And this law is universal and absolute. Neither the greatness of a people nor the differences of climate can keep that country free, the inhabitants of which are so unfortunate as to allow clerical influence to preponderate.

It is with the monarchy of Charles V. as with the dynasty of the Bourbons, with Italy as with Poland, with Ireland as with the Spanish Republics in the New World, with the greatest things as with the least; none have escaped, not even Paraguay.

It is vain to attempt to account for this decay by appealing to natural or to local causes, or to political influences. A law so universal that it does not afford a single exception, obliges us to recognize and acknowledge it.

After all, it is only a logical result. Clerical domination can not exist, unless it is allowed to rule supreme; and in order that clerical influence may be able to dominate over all things, it absorbs thought into ignorance: clericalism will not allow free discussion; neither will it tolerate the chief element of discussion, which is education, instruction. Hence it follows that ignorance is raised to the dignity of a virtue, of a moral principle. Hence the barren results of clerical societies. This inferiority extends from the schools to the field of battle; for victory no longer encamps on the Champ de Mars, but sits still upon the benches of elementary schools.
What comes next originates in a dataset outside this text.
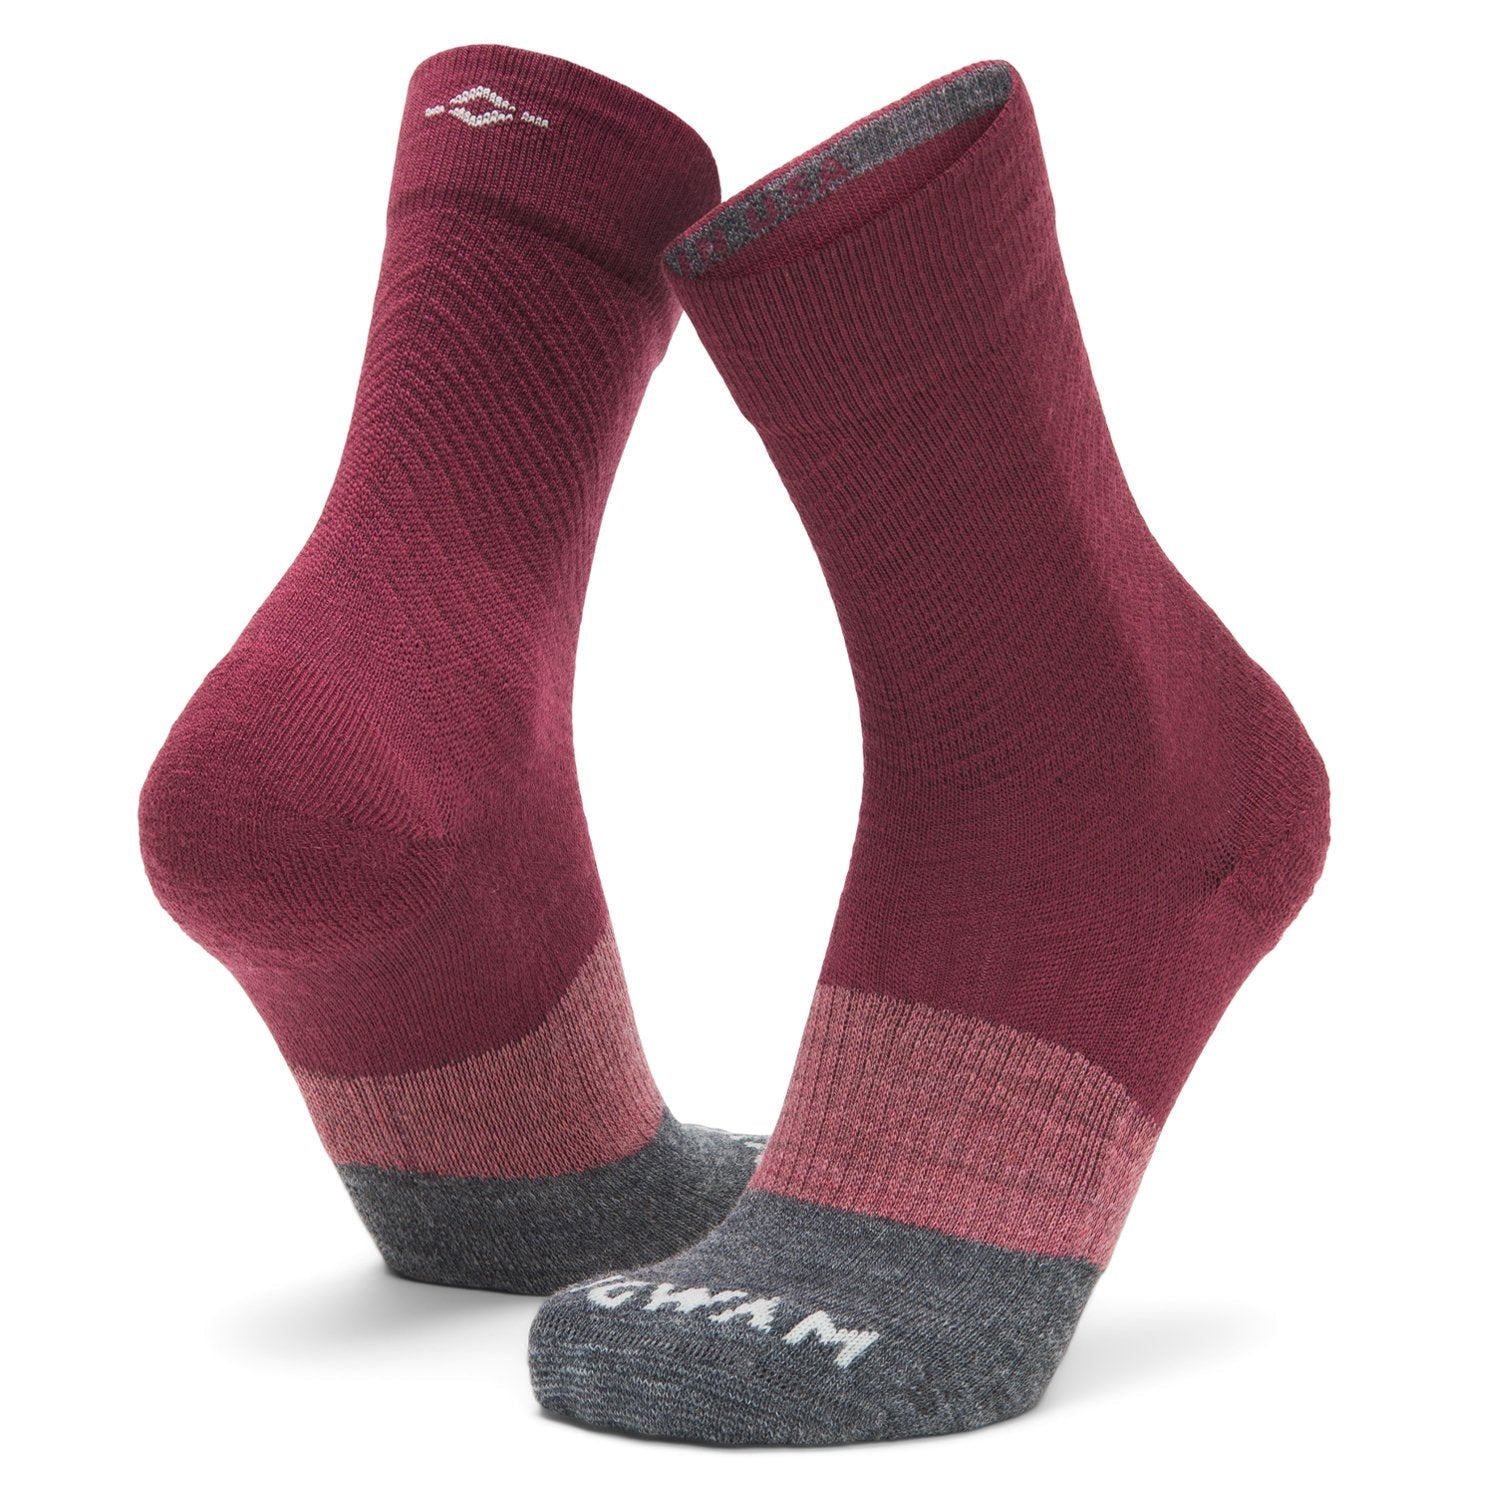 Trail Junkie Lightweight Mid Crew Sock With Merino Wool - Rhododendron full product perspective - made in The USA Wigwam Socks
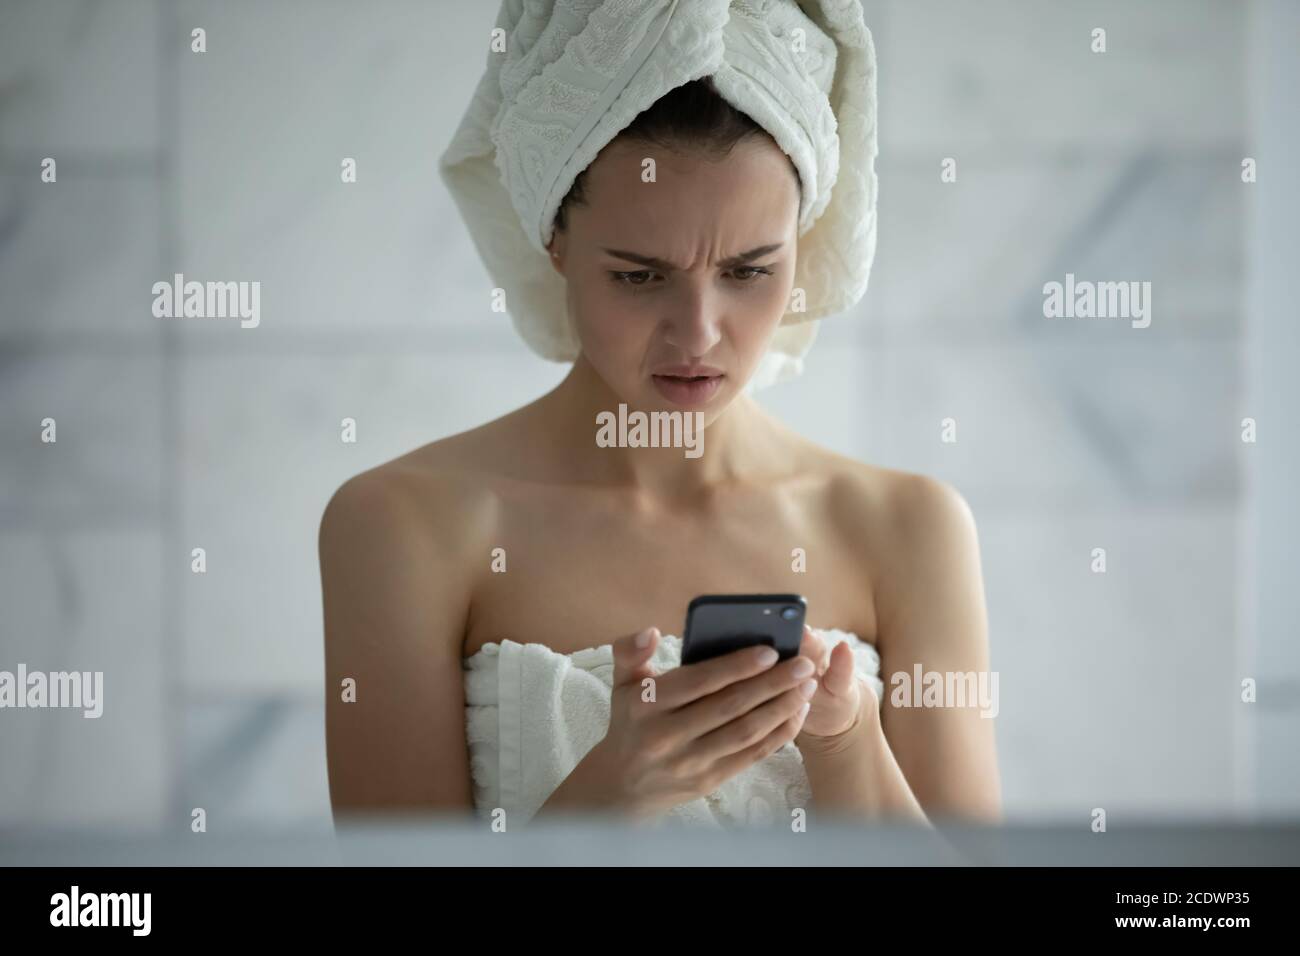 Unhappy young woman reading bad news in message in bathroom Stock Photo

Prussia has taken on herself the task of setting forth this truth before the eyes of France. Men in spectacles may talk to me about the Emperor, about Lebœuf, about Bazaine, about treasuries, and magazines, and arsenals all empty; I answer that nothing was well filled except men's bellies; and the worst of all was in the heads which were empty of brainsempty of all knowledge and of all intellectual culture. Ignorance in high places causes ignorance in the ranks below-a result at once logical and fatal-corruption everywhere.

If the people had been properly educated, they would have insisted upon having the control of their own affairs, and would have been capable of managing them. The war budget would never have been allowed to absorb the funds for public education; and if public education had been attended to, it would have prevented the funds of the war budget from going to supply the extravagances of imperial cour

tesans, instead of furnishing the military resources of the nation.

A well-educated and instructed nation ought not, however, to stand in need of an army; wise, it knows how to preserve internal order; strong, how to make itself respected by the nations around through the influence of its example.

Ireland, a clerical country par excellence, has fallen under the universal and fatal law.

Partial revolts do not prove any thing. The worth of a resort to arms in an insurrectional movement is in the present day very doubtful. I myself have recently tried the experiment in Paris on the largest scale (as regards arms and munitions of war) that has been put into the power of any people for a very long time.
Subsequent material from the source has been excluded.